Глава 19

Я подбежал к парижанину и девушке, что лежала на его руках. Присел рядом с ними на корточки, совершенно не по-мушкетёрски. Но мне было уже всё равно. Джульетта для нас с Планше стала как дочь. Я дал слово, что она будет в безопасности со мной. Девушка дышала, но очень слабо.

— Что с ней? — спросил я, оглядывая несчастную. Сирано де Бержерак придерживал её за голову. Я заметил кровь на спутавшихся волосах.

— Камень, — едва слышно произнёс носатый. Он заметно побледнел. На его губах не было крови, но лицо всё равно было похоже на трупную маску. — Просто камень, дружище.

— Нужно доставить её цирюльнику… — начал было я.

— Нет, её вообще нельзя трясти, — донёсся до нас знакомый голос. Я поднял голову.

Держась за раненую руку, надо мной стоял королевский бальи Плерво. На его лицо было несколько ссадин, а левая рука была стянута несколькими повязками. Мужчина сорвал с пояса сумку и начал вынимать оттуда серую ткань.

— Клади её набок, — повелительным тоном сказал он Сирано де Бержераку. Тот не стал спорить. — Нам нужно наложить повязку на голову так, чтобы кровь перестала течь. А ты… проклятье, шевалье, что ты ещё тут забыл?

— Я пришёл за своими друзьями.

— Де Порто и д'Атос отправились в сторону Лувра, — сказал Сирано де Бержерак, не глядя на меня. Вместе с Плерво они были целиком поглощены оказанием помощи Джульетте.

— С ней всё будет в порядке? — спросил я у королевского бальи. Тот лишь бросил на меня уставший и злобный взгляд.

— Ты не исцелишь ее волшебным образом, если просто будешь тут торчать, — буркнул Плерво. — Не знаю, что тут происходит, но это началось сразу после твоего прибытия в город, шевалье.

— Ты обвиняешь меня в чём-то⁈

— Нет, идиот. Я говорю, что раз это началось вместе с тобой, то и закончить это можешь только ты.

Я кивнул. Мне очень хотелось обнять на прощание носатого, но он был слишком занят. Я поднялся на ноги. Внезапно, Джульетта открыла глаза. Она сперва улыбнулась носатому, а потом поглядела на меня.

— Куда вы? — едва слышно, спросила она.

— Спасать Париж.

— Но, если вы не вернётесь, — дыхание девушки было прерывистым и всё же, она выдавливала из себя слова одно за другим. — Что же нам делать?
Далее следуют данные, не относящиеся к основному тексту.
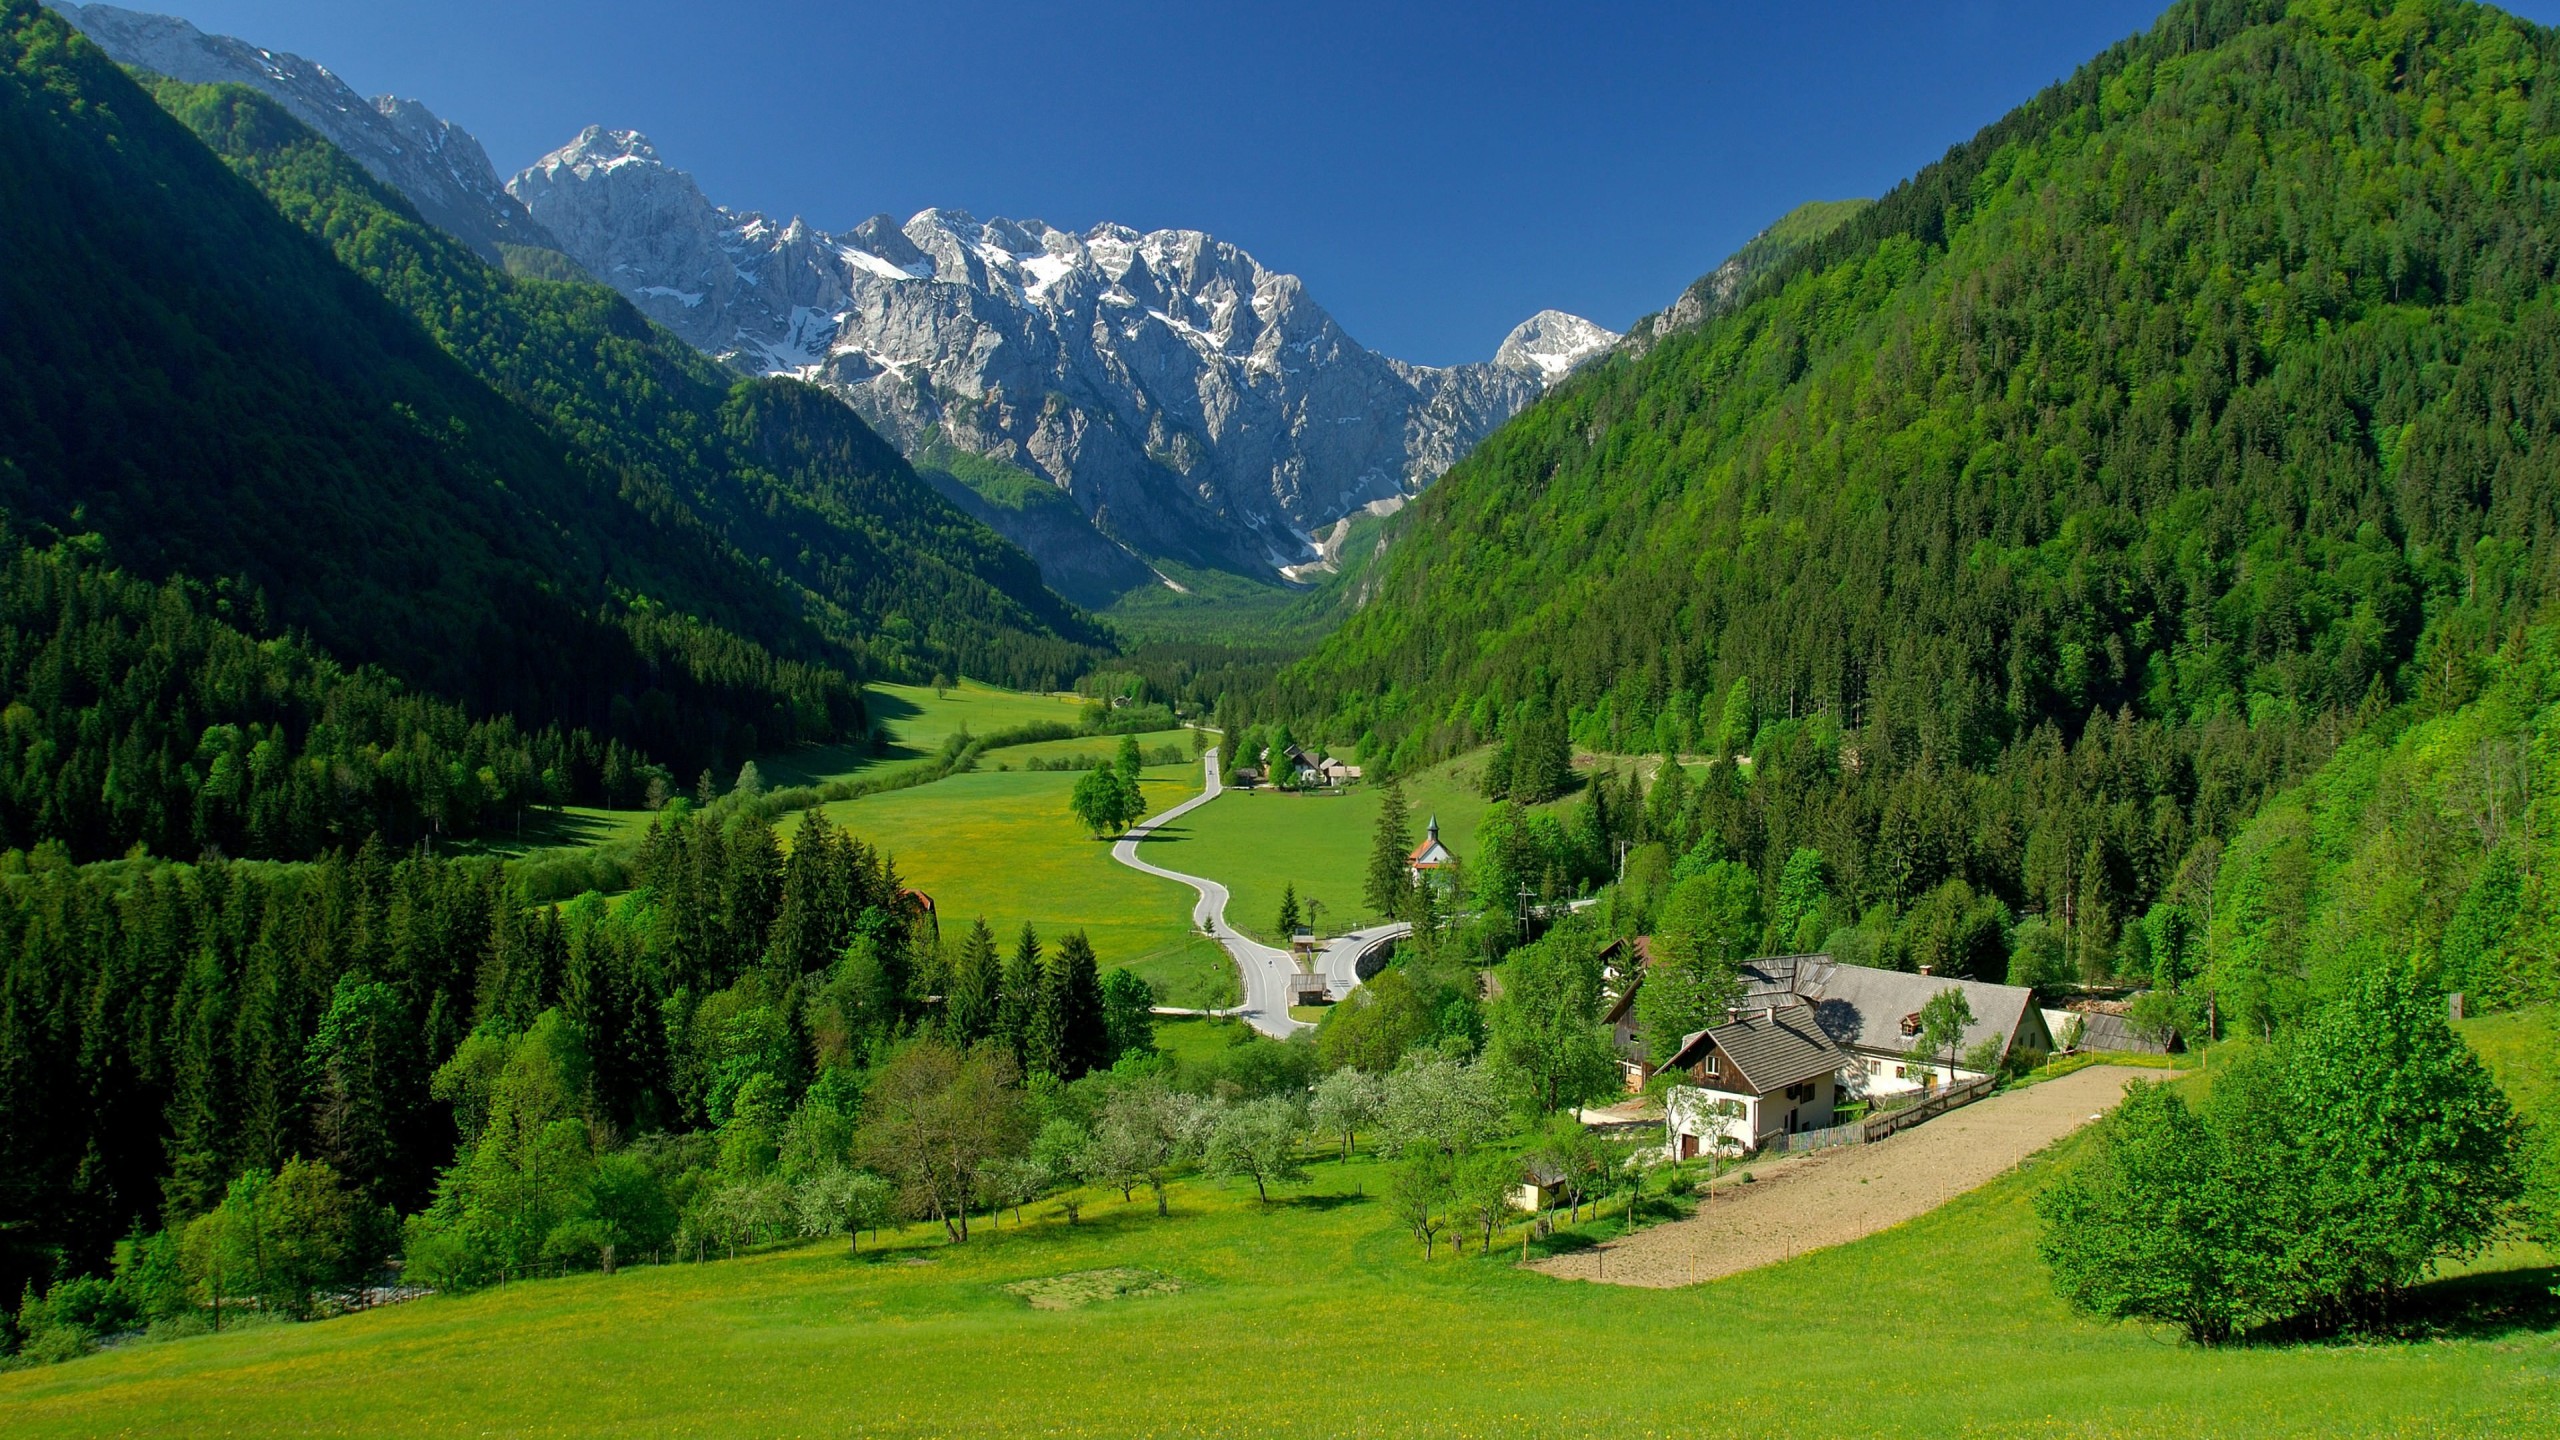 Spring In The Alpine Valley Wallpaper for Desktop 2560x1440

— Я вернусь. Но в самом худшем случае, поручаю вам подготовить для меня чертовски дорогие похороны. Де Бержерак, вы напишите мне эпитафию.

— У меня слишком хорошие стихи, знаешь ли. Жаль будет тратить их на такого болвана, как ты, — рассмеялся носатый. — Но ты выживешь. Проваливай уже, твой вид нагоняет на меня тоску.

Не прощаясь, я побежал в сторону Лувра. Благо церковь Сен-Жермен-л'Осеруа была совсем близко к нему. Сложнее всего было убедить себя в том, что Планше и Миледи всё ещё в безопасности. В нашем тихом, не слишком приметно домике, куда совершенно незачем соваться бунтовщикам и мародёрам.

В какой-то момент, я уже не мог бежать по узким улочкам. Людей было слишком много. И даже если на конкретном участке не было вооруженной стычки, протолкнуться всё равно было почти невозможно. Плюнув на всё, я влез на ближайшую крышу. Вид открывался пугающий. Толпа стекалась к Лувру, и стоящие кольцом у дворца мушкетёры и гвардейцы безуспешно пытались убедить людей расступиться. Пока у Лувра не стреляли, но только пока.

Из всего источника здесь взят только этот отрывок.